China’s factories struggle without key import: foreign talent

TOKYO — Even after China’s internal lockdowns are lifted, some makers of electronic parts remain cut off from a vital resource for expanding production: international talent.

Engineers from Japan, the U.S. and other countries play a crucial part in installing new factory equipment, but travel restrictions have complicated the trip to their Chinese clients.

Such delays matter for the assembly of consumer electronics in China and beyond given the country’s outsize role in supply chains for such devices as Apple’s iPhones and Nikon cameras.

While citizens of the Chinese city of Wuhan celebrated the lifting of the 76-day lockdown earlier this month, one major tech company with a factory there was burdened with the uncertainty that lay ahead.

China’s leading LCD panel maker, BOE Technology Group, has been unable to carry out a planned expansion of its cutting-edge factory in Wuhan because Japanese technology advisers have returned home due to the coronavirus. Without the advisers, the plant cannot install its latest machinery.

A flexible screen developed by China’s BOE. The company aims to expand production, but with foreign technicians unable to help with production equipment, those plans will be delayed. (Photo courtesy of BOE)

BOE accounts for a fifth of the global market for LCD panels for TVs. By the end of the year, its Wuhan plant was expected to be capable of processing about 90,000 glass substrates per month. But with Chinese authorities barring most foreigners from entry in late March, even those with existing visas, it is unclear when the Japanese technicians will return. 

“It’s going be difficult to travel for some time,” said a person connected with an equipment manufacturer. 

Specialized engineers are essential for building production lines for electronic components, which demand rigorous precision. Production lines already place at BOE’s Wuhan site are operational, but expansion work has stalled.

If the situation continues, the plant’s annual production capacity “is likely to be two-thirds of its original plan,” according to Yoshio Tamura, the Asia head of U.S. market research firm Display Supply Chain Consultants.

BOE is not the only manufacturer feeling the impact of travel restrictions. South Korea’s Samsung Electronics launched a new memory chip plant in Xian, China, last month, its second in the city. Technicians from Japan were supposed to help install equipment, but Chinese and Japanese travel restrictions have thrown up hurdles to their arrival. 

Netherlands-based ASML, the world’s largest maker of semiconductor etching systems, has reportedly delayed shipments owing to travel restrictions and logistics problems created by the coronavirus pandemic. 

Chinese chipmaker Tsinghua Unigroup’s Wuhan semiconductor plant is operating, but its expansion plans are reportedly at risk of delay.

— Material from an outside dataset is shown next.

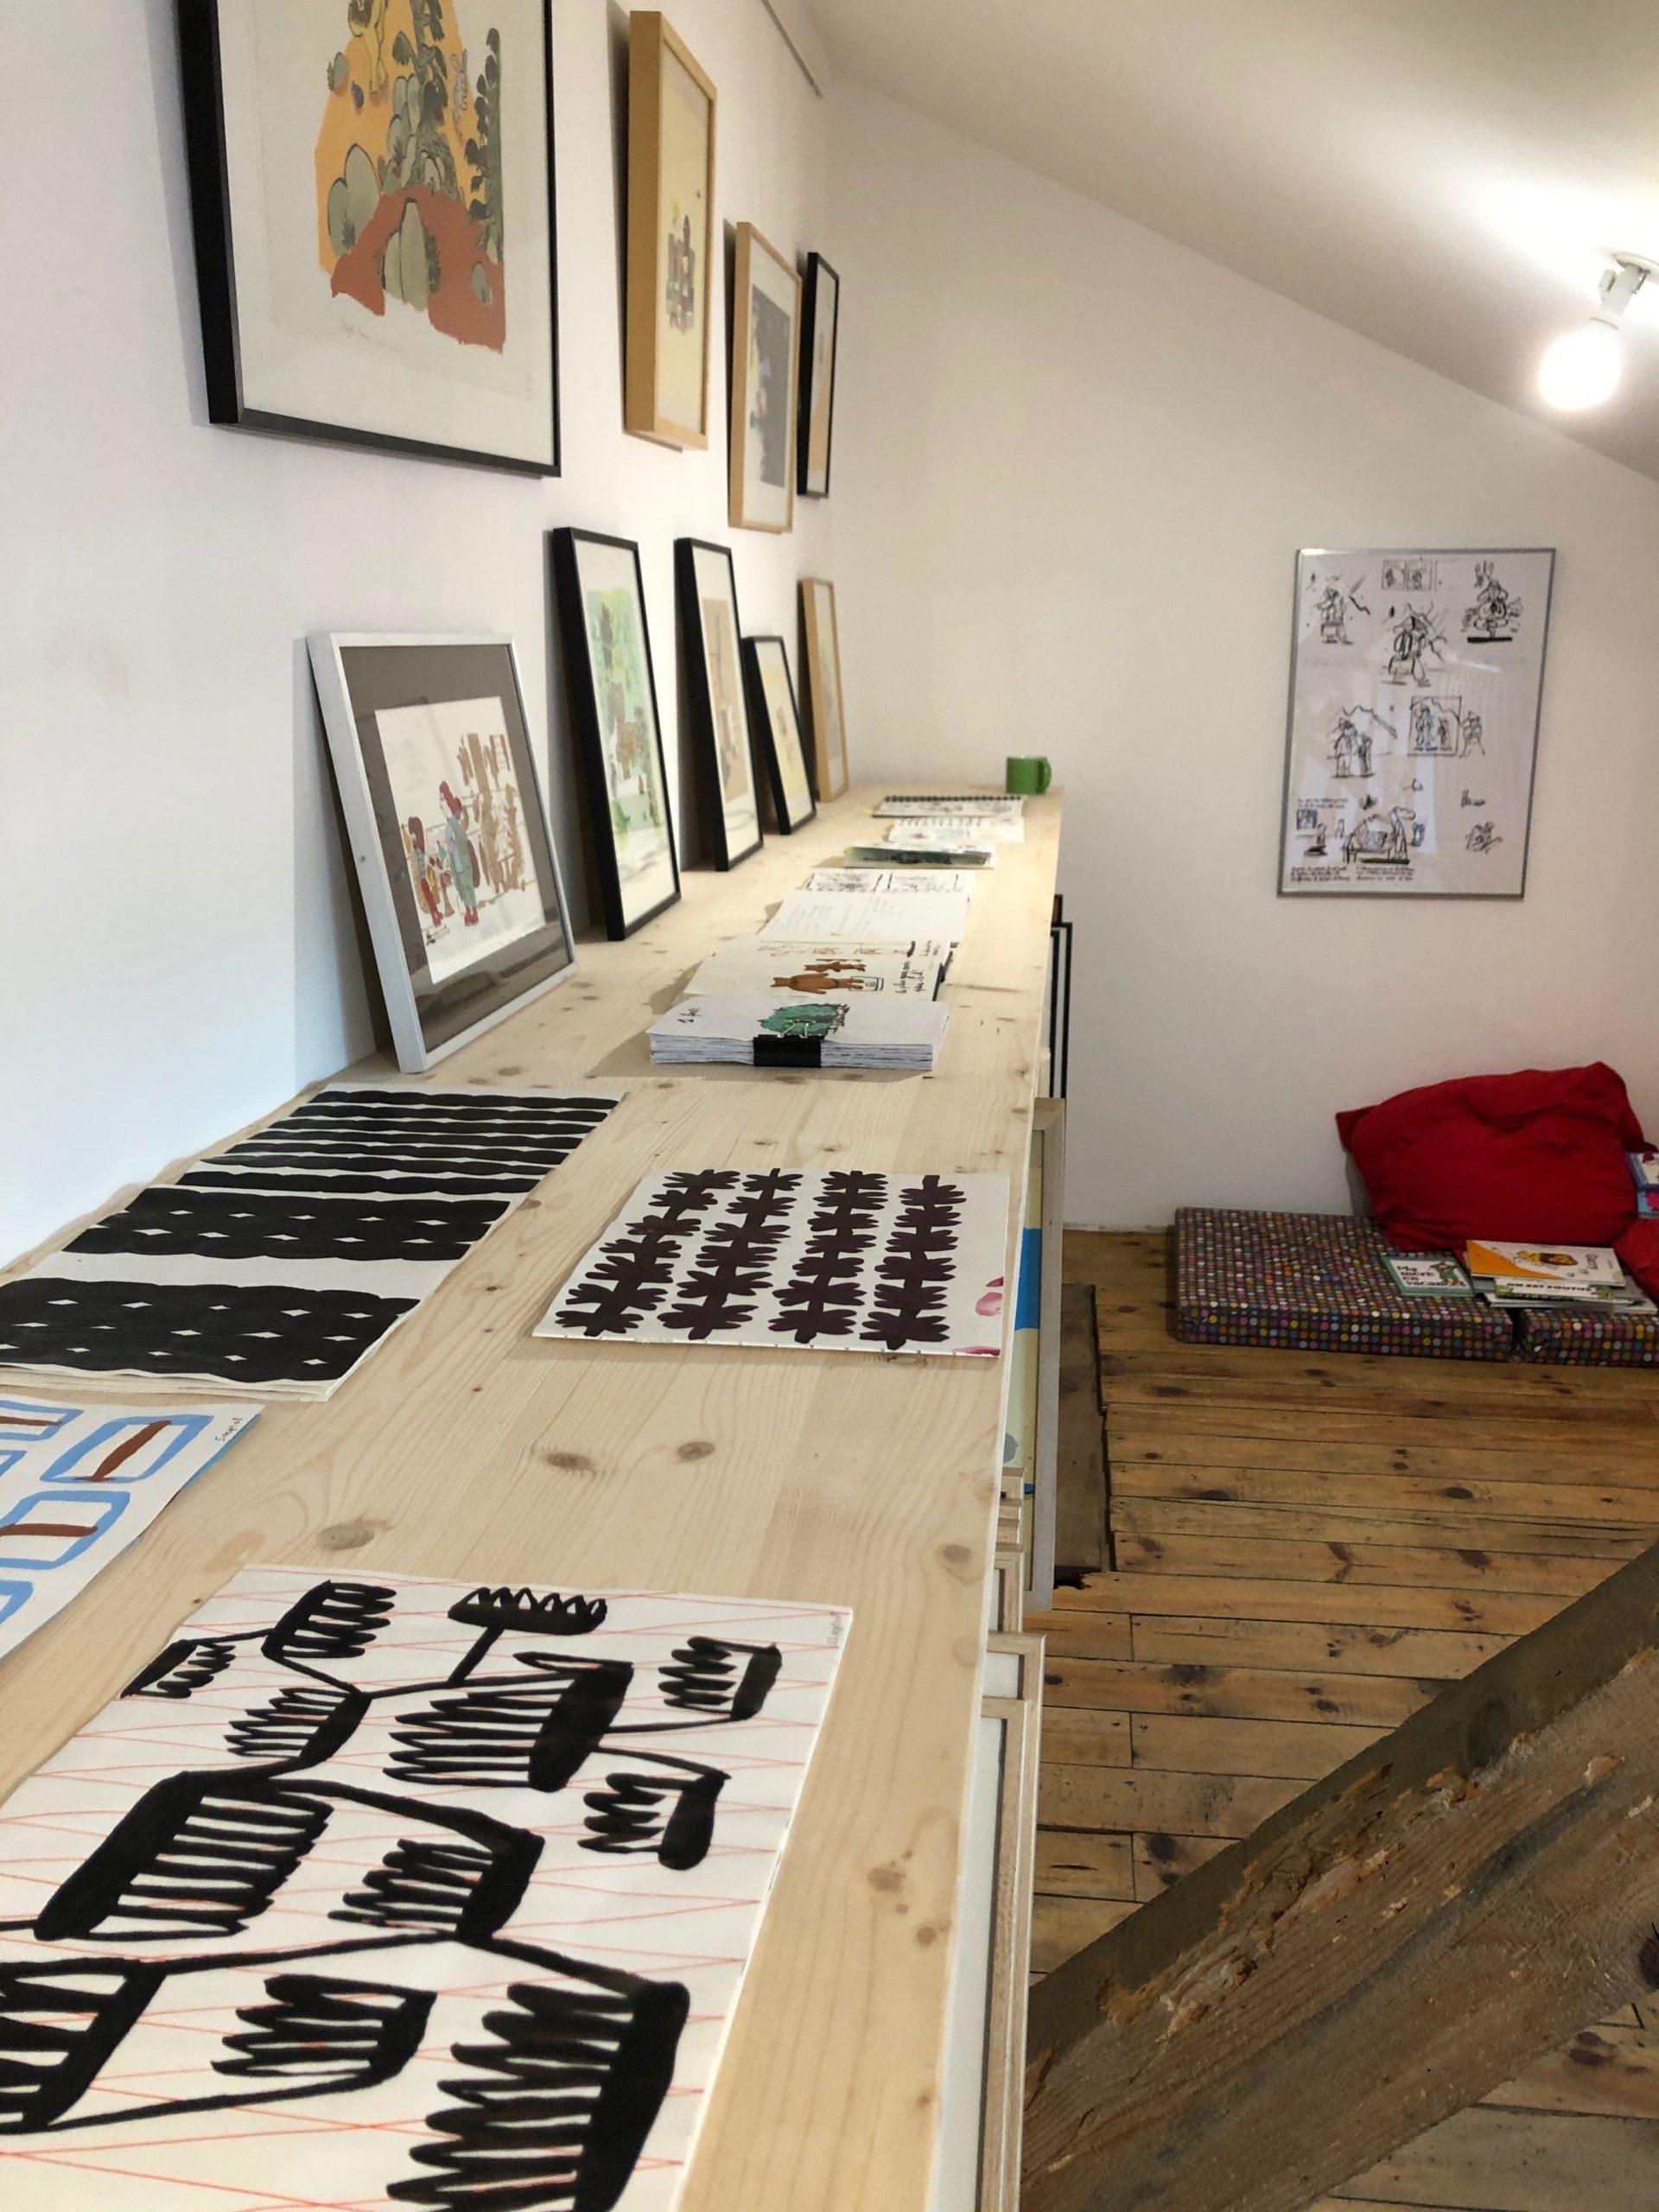 Magali Bardos photos atelier motifs carnet de recherches noir et blanc trait de pinceau illustation exposition cadres coin lecture portes ouvertes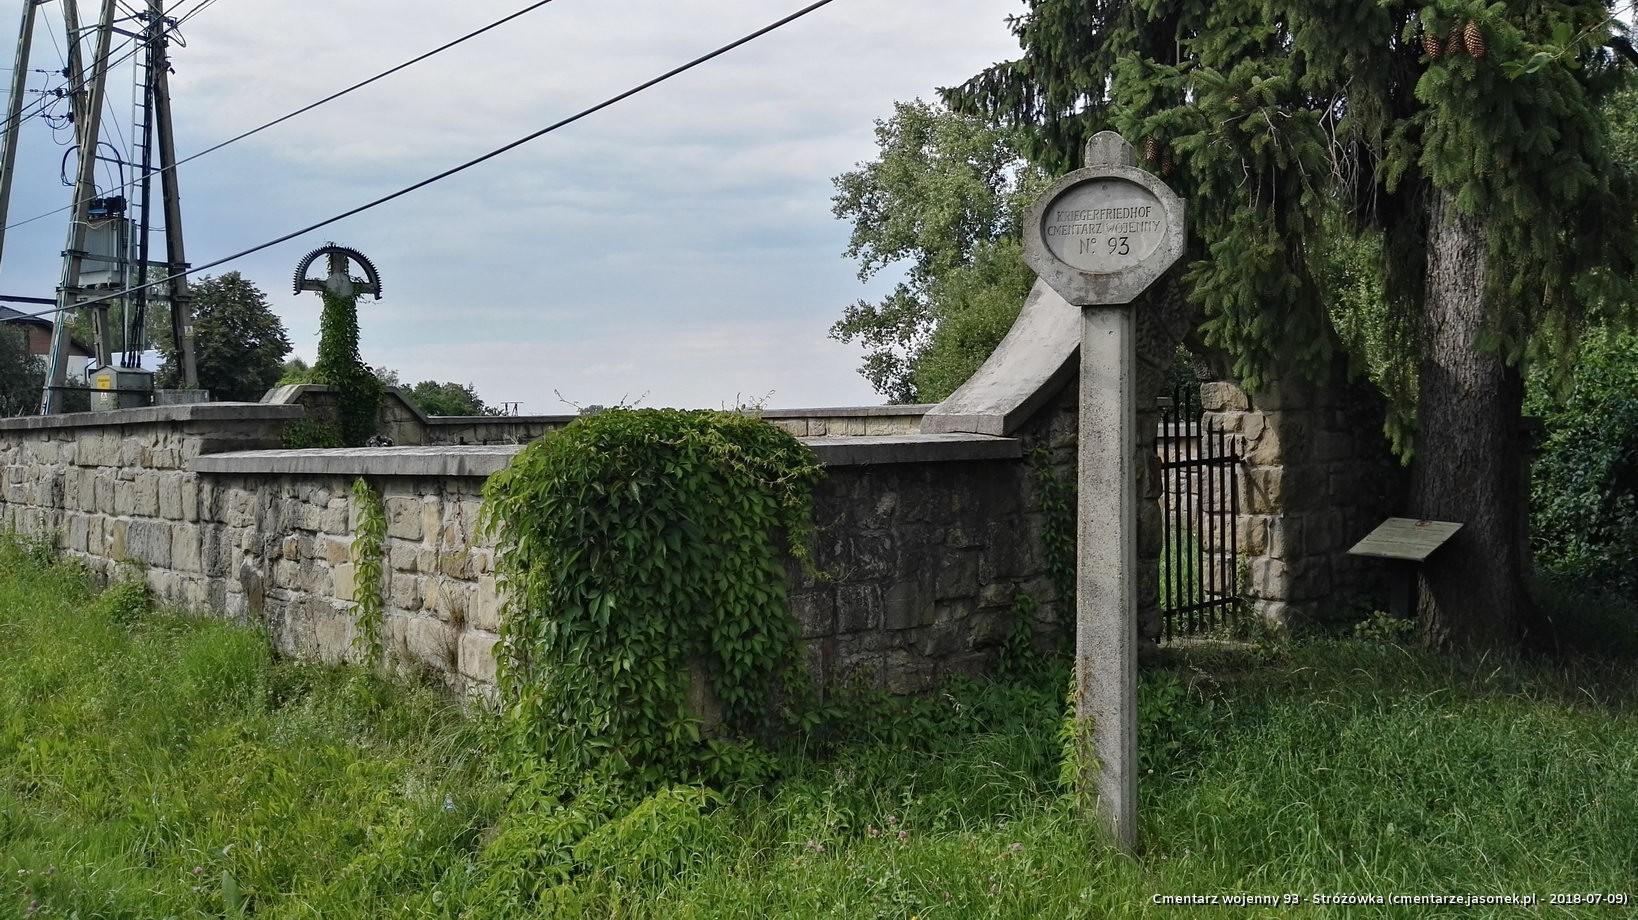 Cmentarz wojenny 93 - Stróżówka

Such delays ultimately hit production of consumer electronics. Panasonic is out of stock for some models of its Let’s Note laptop computer series because of difficulty procuring Chinese-maded parts. Nikon postponed the March launch of its high-end D6 camera for sports photography to sometime next month, apparently for the same reason.

Finished products are often assembled outside of China, but many parts are dependent on the country, leading to concerns about the future of product supply. According to private sector estimates, the delay in setting up new production for LCD panels will reduce the supply capacity for TVs by 4% in 2020.

China has been urgently strengthening its electronic component industry. It holds about half the world’s production capacity for displays once factories from overseas interests are included. Several large-scale projects utilizing government subsidies are underway to ensure the domestic production of semiconductors.